Сейчас всё иначе. С мамой они почти не разговаривают. «Замечательный день... Мороженое... Ты ведь винила себя за то, что вам пришлось выйти из троллейбуса на несколько остановок раньше. Из-за тебя вы потеряли время».
Виола села за стол, вслушиваясь, как по стёклам бегут тонкие струйки дождя.


18 сентября

Шум дождя живой... Вслушайтесь. Очень интересное занятие — вслушиваться в звуки, шум, голоса.
И тебе, человеку, который любит слушать, иногда хочется тоже что-то сказать. И вот тогда самое обезоруживающее то, что тебя не слышат. Хочется кричать. Но ты понимаешь, что тогда услышат лишь твой крик, а не мысли и душу. Не остаётся ничего, кроме как слушать и вслушиваться.


Виолу вернул к реальности звонок телефона. Сильно хрустнув позвонками, она встала из-за стола и направилась в прихожую к противно звенящему зелёному аппарату.
- Да.
- Доча, привет! Как ты там?
- Нормально, мам.
- Голос какой-то усталый. Не заболела? - в словах матери послышались забота и беспокойство.
- Нет, мам. Всё хорошо. Вы скоро приедете?
- На следующей неделе, наверное...
- Костику привет.
- Передам.
- Пока, мам.
- Пока.
Виола повесила трубку, опустилась на пол и заплакала. И всё же она соврала, потому что действительно больна. Очень. Слёзы текли и текли. Сначала плакала тихо, но потом зарыдала, упав и уткнувшись лицом в коврик. Истерика продолжалась долго, до тошноты. А потом Виолу окутала липкая темнота.


19 сентября


А вы знаете, что такое слёзы? Это когда вас «через край». Это вы. Вас слишком много. Пустой человек не может плакать, потому что «не льётся через край». Поэтому не стыдитесь слёз. Это не слабость. Это избыток вас.
Вы знаете, какое сильное чувство вины? Это тот самый тапок для таракана. Газета для мухи. Если с детства винишь себя во всём, даже в том, о чём представления не имеешь, то к двадцати годам кажется, что любой шёпот — это упрёк или сплетня, а любое молчание — это заговор или бойкот. Чувство вины — это когда ты слышишь из кухни голоса родителей, но не можешь расслышать слов, и нижнее веко правого глаза начинает судорожно дёргаться. А взгляд останавливается. Пытаешься вслушаться, но с каждой секундой кажется, что они говорят о тебе, и ты что-то снова  сделала не так!
Или в колледже тебе всё время кажется, что все смотрят на тебя с насмешкой, потому что ты не так одета, не так причёсана или не те слова говоришь. И это нормально, так как в школе было в разы хуже.
И ты становишься стервой. Одиночкой. Замкнутой. Эгоисткой. Но от этого не легче. Это не так просто выдержать. Однажды перед кем-нибудь ты пускаешь слезу, открывая истерзанную, измотанную, еле дышащую душу, она ведь помирает в затхлом запертом пространстве. А в неё швыряются непониманием. И ты захлопываешь душу снова; так быстро и так сильно, что из неё ещё торчит это непонимание. Точно осколок при ранении. Захлопываешь изо всех сил и надолго (умоляя себя, чтобы навсегда)!
И становишься ещё на грамм черствее, молчаливее и стервознее. И снова орёшь и рыдаешь. Только молча... и глаза сухие. Только челюсти сводит... Слишком сильно они сжаты.
И вот тогда не остаётся ничего, кроме как искать себя. Руки в кровь стираешь, выкапывая себя из-под хлама ошибок, обломков надежд, осколков прожитого и обрывков пережитого. А когда ты себя откопаешь, то начнёшь стаптывать в кровь ноги, ища смысл.

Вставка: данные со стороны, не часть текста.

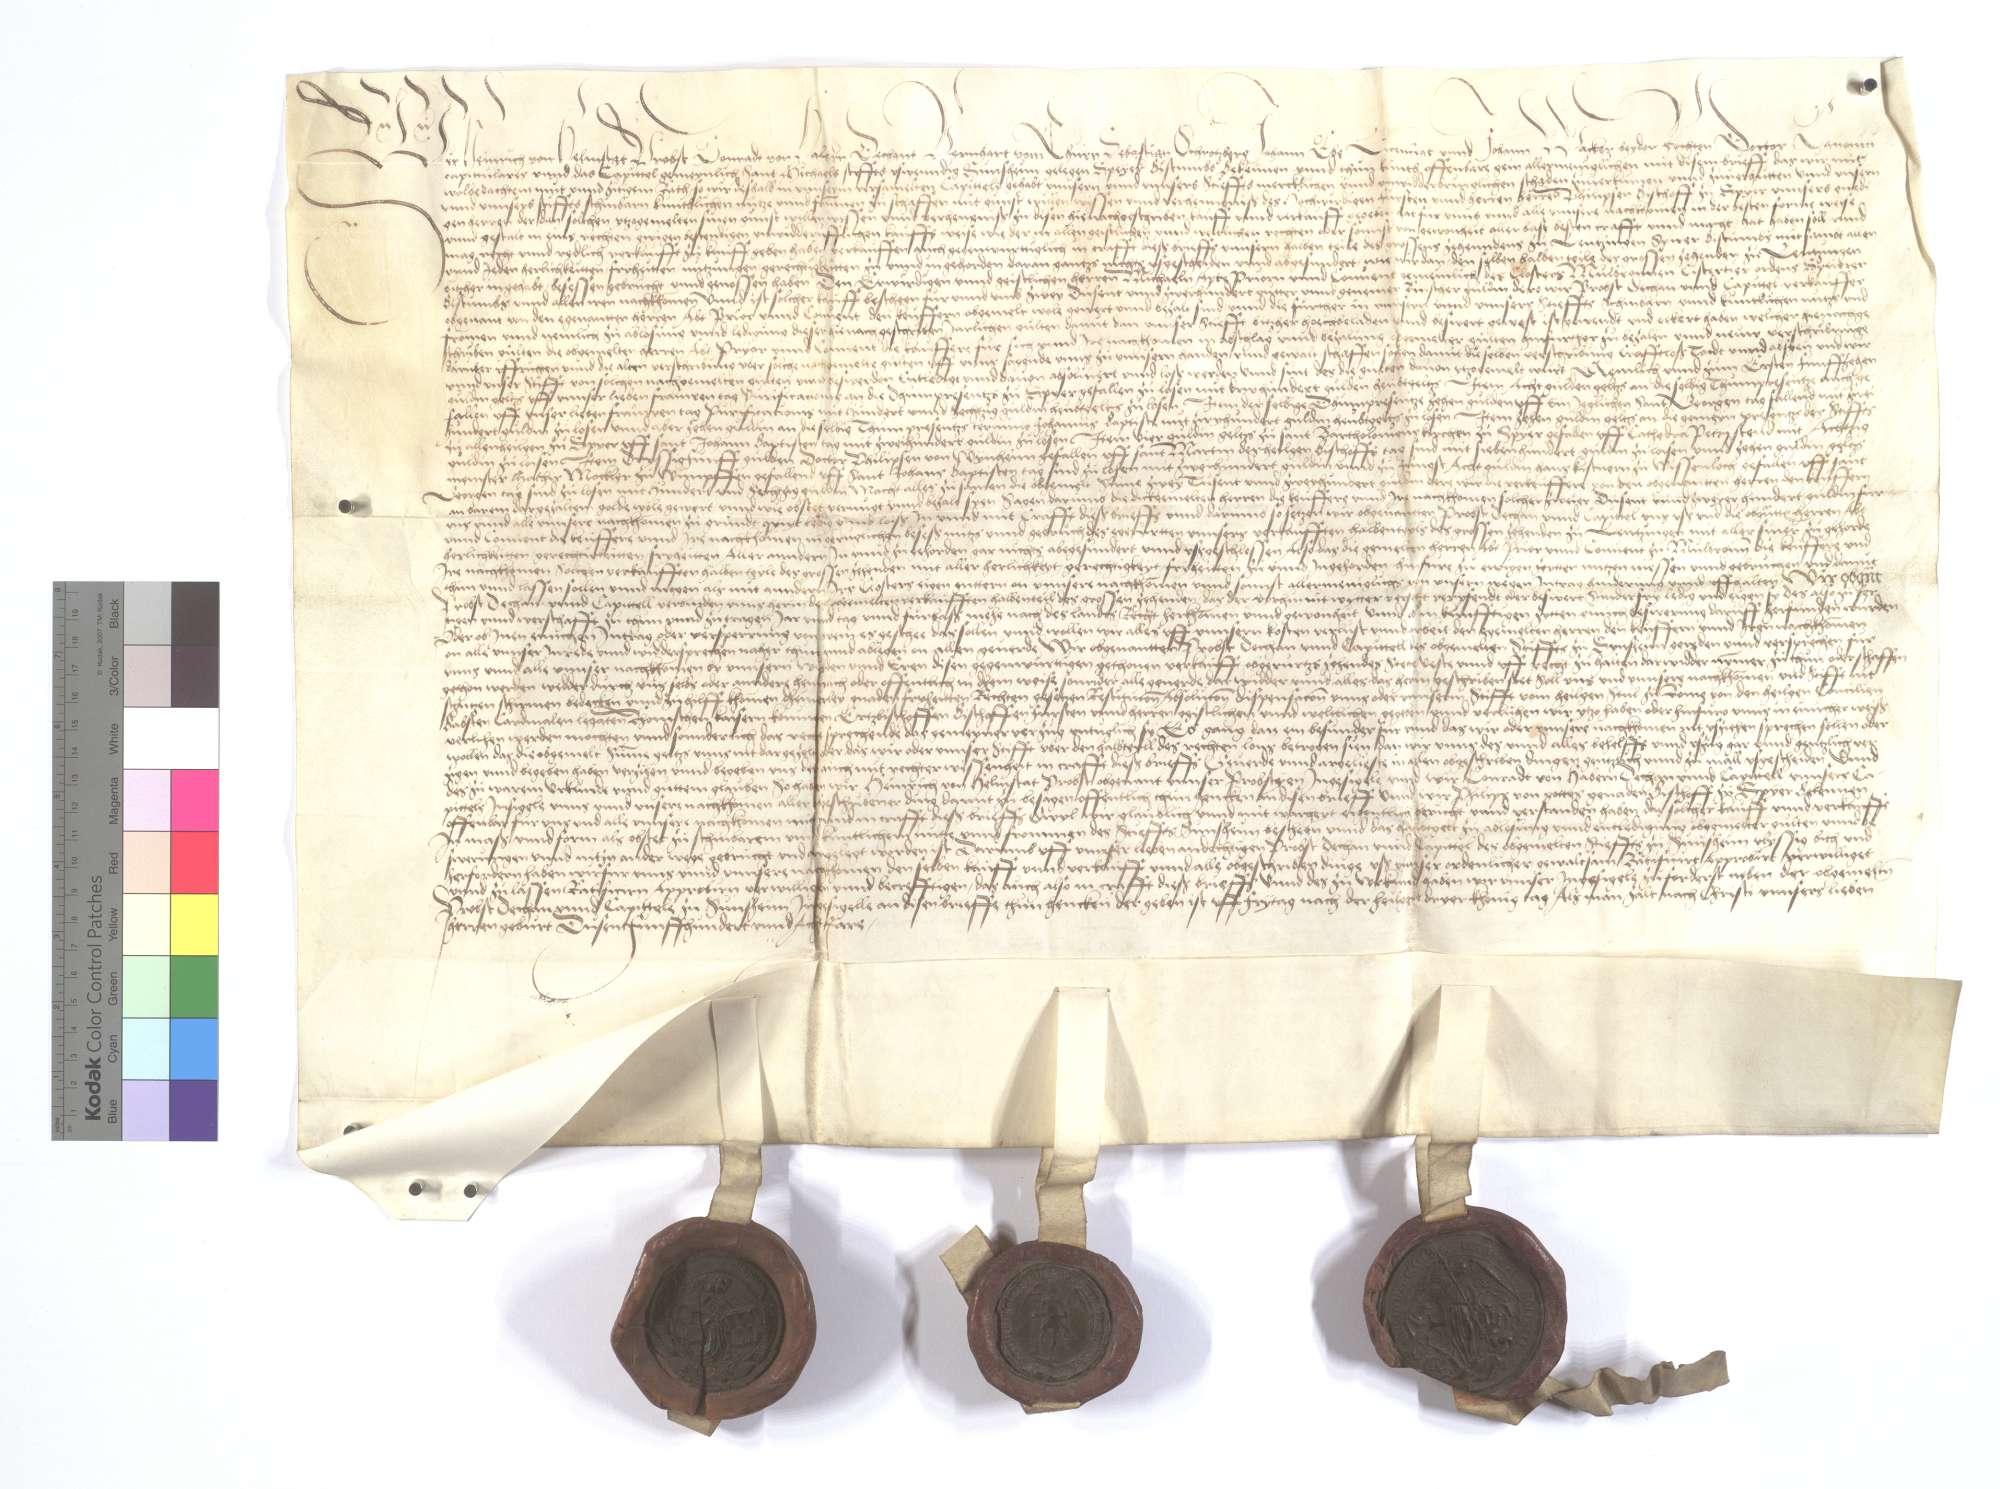 Der Abt und Konvent von Sinsheim, verkaufen dem Kloster Maulbronn den halben Teil des Fruchtzehnten in Lienzingen (Lientzingen) für 2.200 Gulden., Text

Виола очнулась и долго не могла понять — открыла ли она глаза. Слишком уж темно было. Гудела голова. Болели мышцы. Сводило желудок. Да, она очень давно не ела.
Когда глаза немного привыкли к темноте, и стало немного легче ориентироваться в пространстве, девушка села, привалившись к стене, и стала вспоминать сон, который уже начал постепенно тускнеть в памяти.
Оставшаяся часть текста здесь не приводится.